Analyze the essence of the AlphaGo algorithm principle

and son to discuss the algorithm, my son suggested that I refer to the principle of AlphaGo, sent me a reference to look at it, I feel very inspired.

一, AlphaGo's mathematical model

1.1 The essence of the Go problem

The Go problem is essentially a data classification problem. The Go question can be described as follows: Give you a layout of Go and find the best place to drop. In other words:

  • Input is a Go layout, which can be abstracted into a 19x19 matrix, with elements taking the value -1, 0, 1. The
  • output is a location with a total of 19x19=361 possibilities.

is easy to associate with, in essence, this is the classification of the 19x19 size image into the 361 class next time.

1.2 CNN model of image classification

Here is a schematic diagram of the CNN network model for image classification: 这里写图片描述 图中输入一幅图片,输出一个四维向量,给出了输入图像是 dog、cat、boat、bird 四类目标的概率分布。

1.3 CNN model of Go

@ The CNN model of Go and the image classification model are essentially the same The input is a 19x19 resolution game "image" and the output is a 361-dimensional probability distribution vector. Among them, the position with the highest probability is the optimal position.

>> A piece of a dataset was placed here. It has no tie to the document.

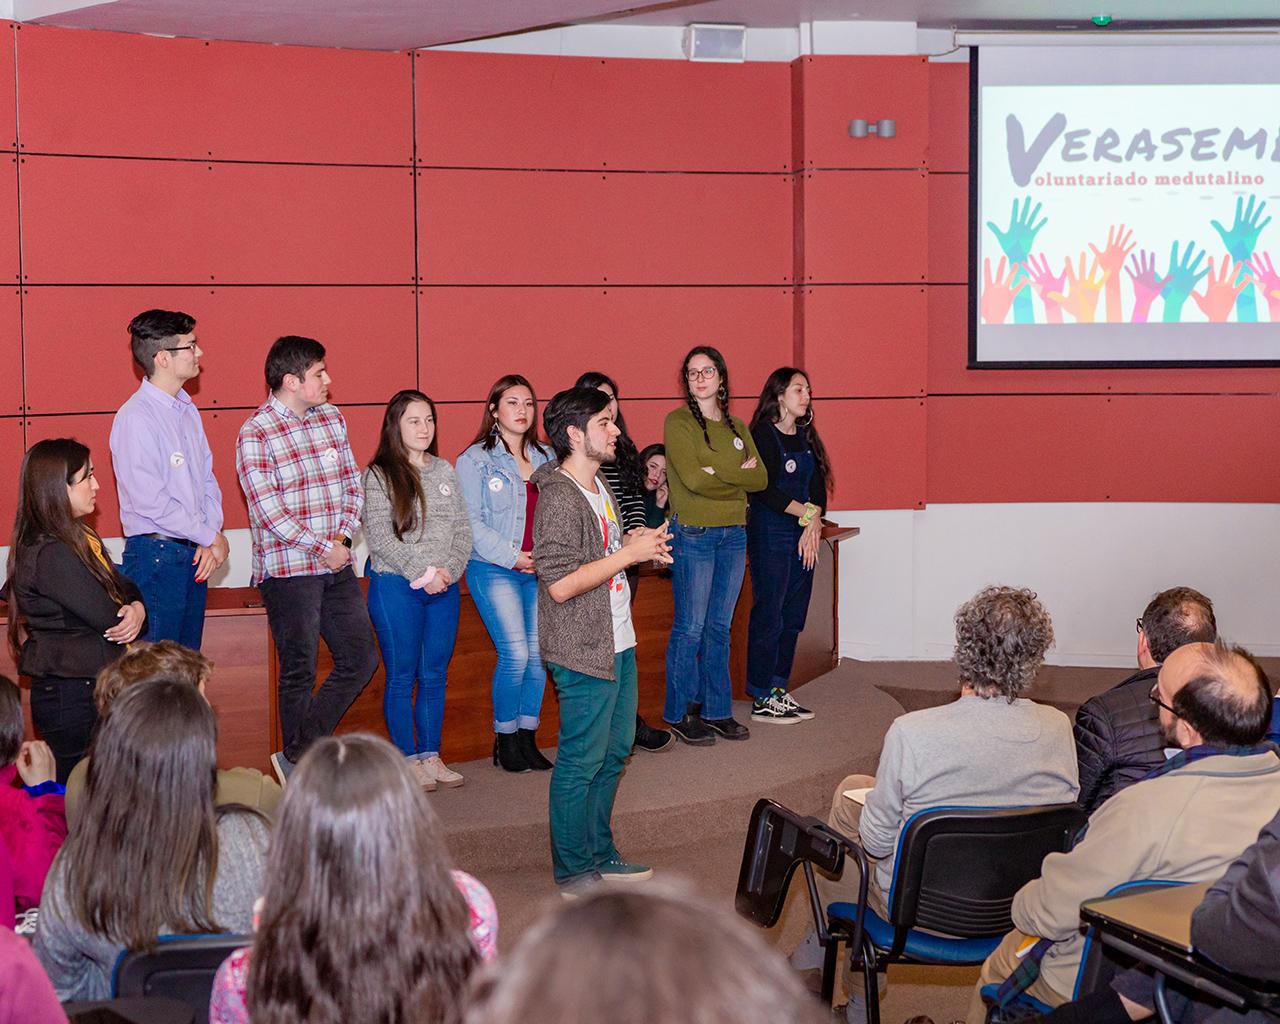 Estudiantes de medicina crean voluntariado con llamado a la acción social

1.4 Smart Google Research Team

The Go Problem is abstracted into pure mathematics and is the core issue of AlphaGo. AlphaGo is very smart and abstracts the problem into a CNN network model, which is a sensational place.

Sometimes I have to admire Google’s research team. When I read Google’s FaceNet paper, I had the feeling of suicide. Really, I think the triad model is too smart, through an indirect The method constructs the loss function and avoids the annotation of massively combined samples (in fact, the face feature extraction model is also impossible to manually label the training samples). At that time, I did not find such a clever way of thinking and meditation. This is convincing to Google.

The popularity of deep learning technology, Google has contributed. Google is a great company that has made tremendous contributions to the progress of human civilization. I hope that our Chinese enterprises can also look beyond their glory and shoulder the glorious mission of liberating all mankind.

二,Models and Training

2.1 Learning from Humans

Humans have accumulated a large number of chessboards, showing examples of how various chess games can be dropped. These can be used as training samples. Google has obtained the chess game of human players from the KGS game platform. For each game, there will be a human-made game. This is a natural training sample, so that 30 million training samples can be obtained.

谷歌's experimental results show that this method is not good enough. There are two reasons for this:

  • is too small: the number is not enough to cover all situations.
  • 质量质量: The human experience may not be correct. Learn to play chess with the bad chess player.

2.2 MCTS Monte Carlo Search Tree

MCTS This idea is wonderful and does not require any human game.

2.2.1 Decision Tree

We can imagine that all possible situations and methods of Go are unfolding, and they are a huge decision tree. Each node corresponds to a game, and each game has an optimal drop recommendation position. This way the Go problem is fixed.

Since this decision tree is too large, we can construct a part of it, use this part as a training sample, and then the rest, by training the convolutional neural network model to perform predictive calculation.

2.2.2 MCTS Decision Tree

MCTS Before starting to construct a search tree, first assume that any game is in any position and the chances of winning are the same. That is to say, when a new game is played, the MCTS constructs an initial 19x19 order drop decision weight matrix for the game, and the weight of each drop position is initialized to the same value.

棋局和决策权重矩阵示意图

starts with a blank game and randomly falls until the game ends. Putting the game that appears in the game process into the decision tree, each game adjusts the weight of its decision matrix according to the final outcome. Next time we went to the second set, we had a little reference to the weight reference guide. In this way, we will construct a decision tree with certain "intelligence" by playing 100,000 games.

2.2.3 MCTS Features Analysis

MCTS has the following characteristics:

  • MCTS can not only be used to build training samples, but also in the process of game, you can continue to "online" according to the situation of opponents. simulation. It is conceivable that after a large number of random simulations, the best walking method can be obtained. This method is called Rollout in Google's paper.
  • MCTS can be calculated in parallel, and the calculation speed can be increased by increasing the amount of computing resources.

2.3 Human experience + MCTS, enhanced algorithm ability

MCTS The chess player weight matrix can be initialized according to the human game, which can improve the training speed. Experiments have shown that the 20-step human experience in front of the opening can be effective.

三, Reinforced learning and self-competition

The next story is not exciting, but introduces another new technology - reinforcement learning, so AlphaGo Zero was born. Due to space limitations, intensive learning and AlphaGo Zero will be discussed later.